INFO EKSPRES:
- Penyidik menolak anggapan bahwa pemeriksaan saksi dipengaruhi tekanan publik.
- Barang bukti hasil penggeledahan masih dianalisis untuk memperkuat penyidikan.
- Kasus Kuansing berkembang dari OTT menuju pendalaman dugaan suap dan gratifikasi.
SULBAREKSPRES.COM - Mengapa KPK belum memutuskan memanggil Menteri Kehutanan Raja Juli Antoni meski namanya muncul dalam perkara dugaan amplop?
Apakah penyidik masih membutuhkan bukti tambahan sebelum menentukan langkah hukum berikutnya dalam kasus Kuantan Singingi?
KPK Fokus Lengkapi Bukti Kasus Kuansing, Nasib Pemeriksaan Raja Juli Antoni Masih Dikaji
Penyidik KPK Prioritaskan Pembuktian Dugaan Suap dan Dugaan Gratifikasi Perkara
Komisi Pemberantasan Korupsi (KPK) menegaskan penyidikan kasus dugaan suap Bupati Kuantan Singingi nonaktif Suhardiman Amby masih berfokus pada penguatan alat bukti.

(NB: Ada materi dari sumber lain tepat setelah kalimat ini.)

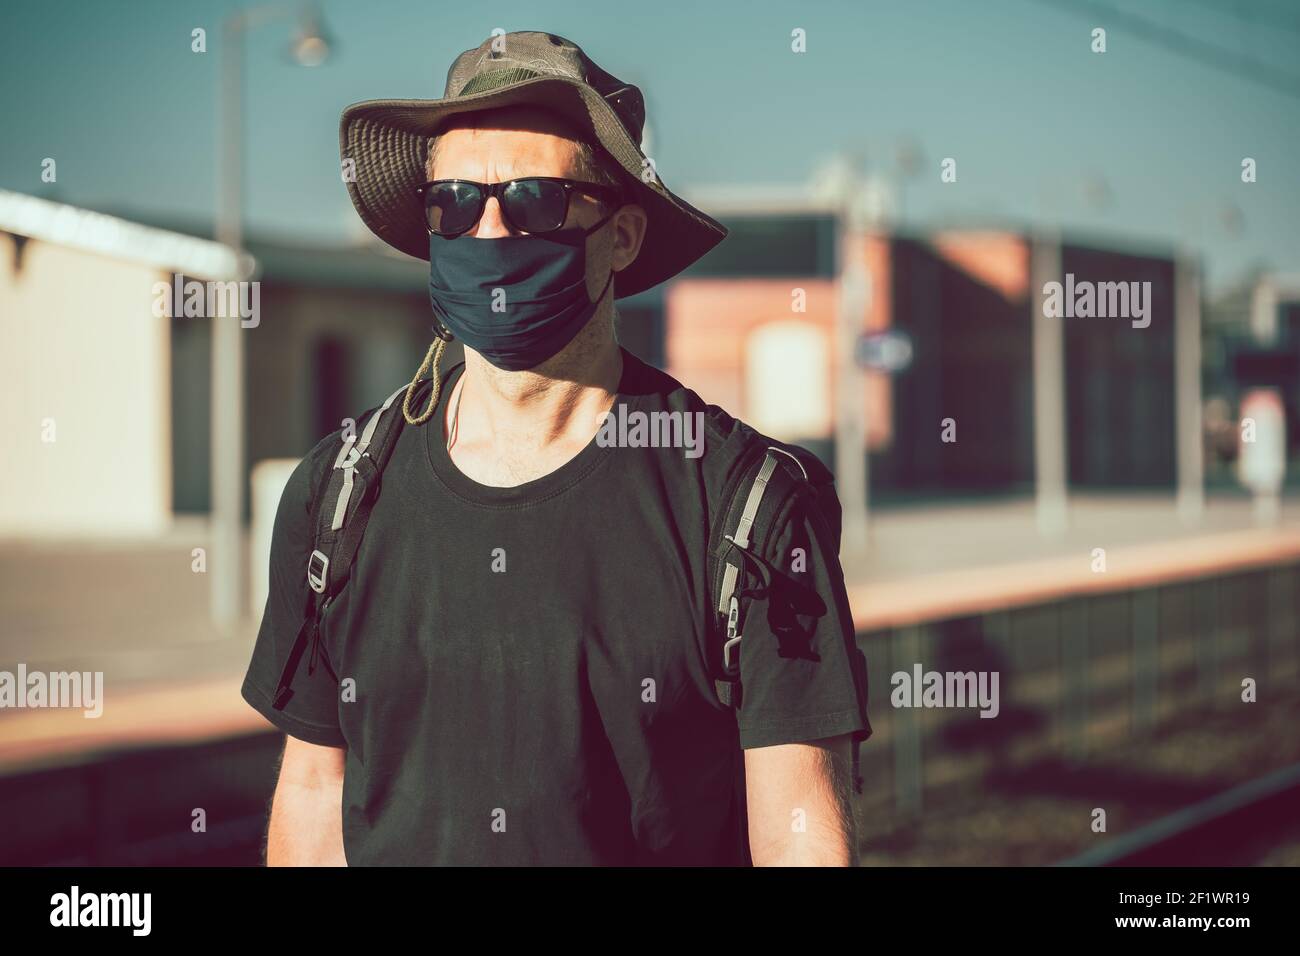 Man with a mask waiting for a train during Covid19 pandemic Stock Photo

Penyidik kini memverifikasi besaran uang yang dipungut di koperasi unit desa sebagai bagian dari konstruksi perkara.
KPK juga terus menganalisis barang bukti hasil penggeledahan yang telah disita.
Pelaksana Tugas Direktur Penyidikan KPK Achmad Taufik Husein mengatakan proses tersebut masih berlangsung.

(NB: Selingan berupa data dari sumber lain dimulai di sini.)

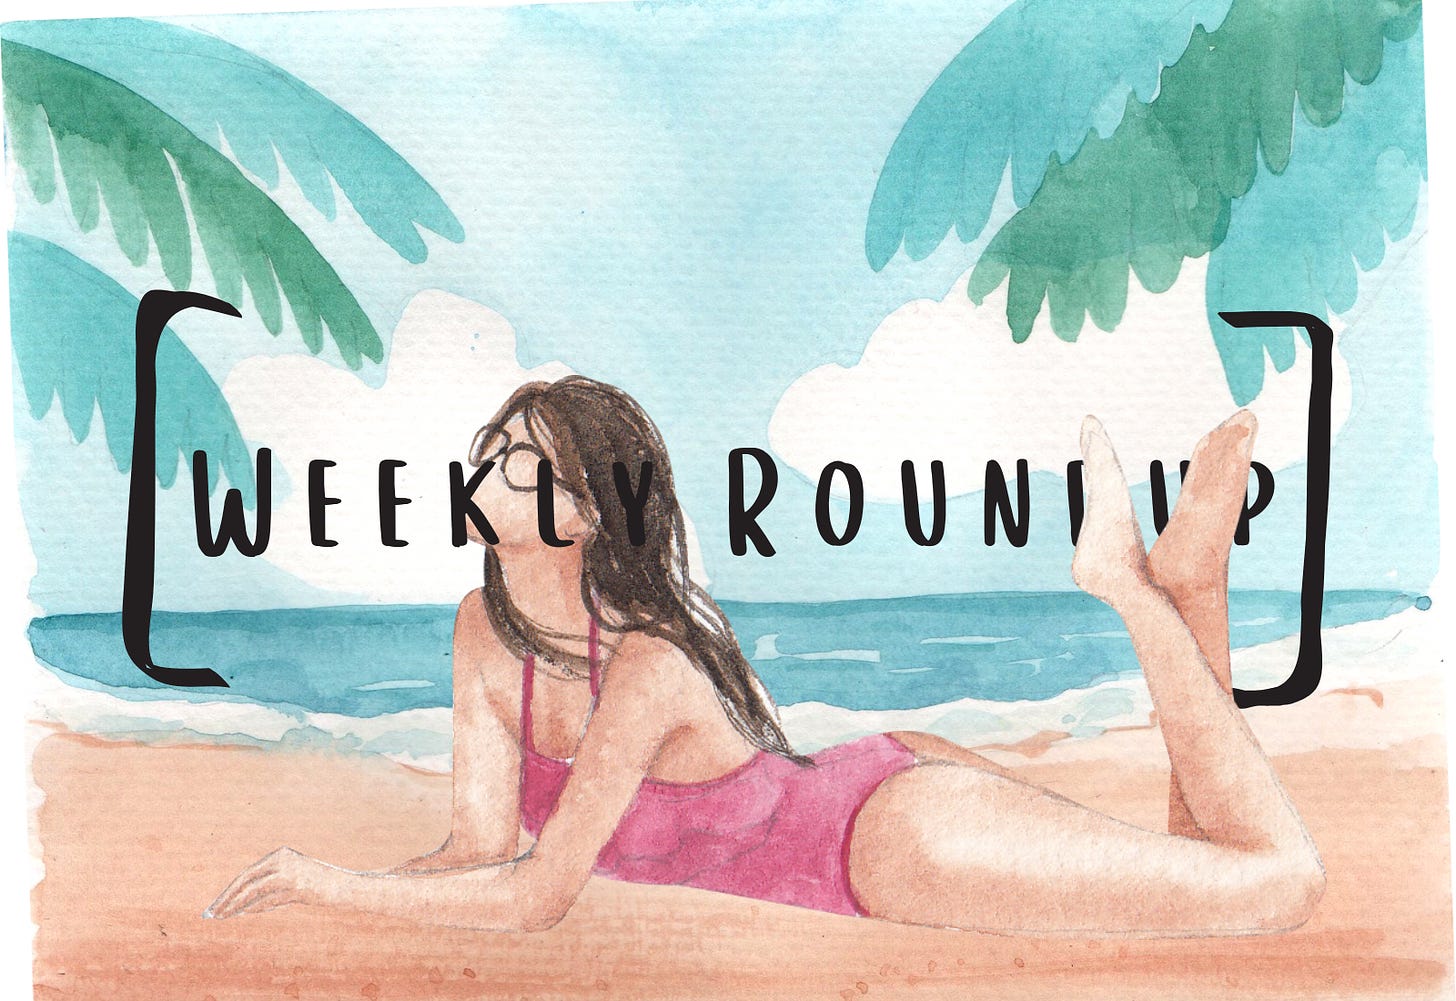 Image is a watercolor painting of a beach and a woman lying there. Text overlay reads "Weekly Roundup."

"Update terakhir itu masih memverifikasi jumlah uang yang dipungut di KUD (Koperasi Unit Desa)," kata Achmad Taufik Husein, Plt Direktur Penyidikan KPK, Jumat, (31/Juli/2026).
"Kemudian masih juga mengidentifikasi barang bukti hasil penggeledahan," ujarnya.
KPK Tegaskan Pemanggilan Saksi Berdasarkan Kepentingan Pembuktian Perkara Semata
Nama Menteri Kehutanan Raja Juli Antoni ikut menjadi perhatian setelah mengungkap adanya amplop yang ditinggalkan Suhardiman saat audiensi.
Meski demikian, KPK menegaskan belum ada ukuran keberanian dalam menentukan pemanggilan saksi.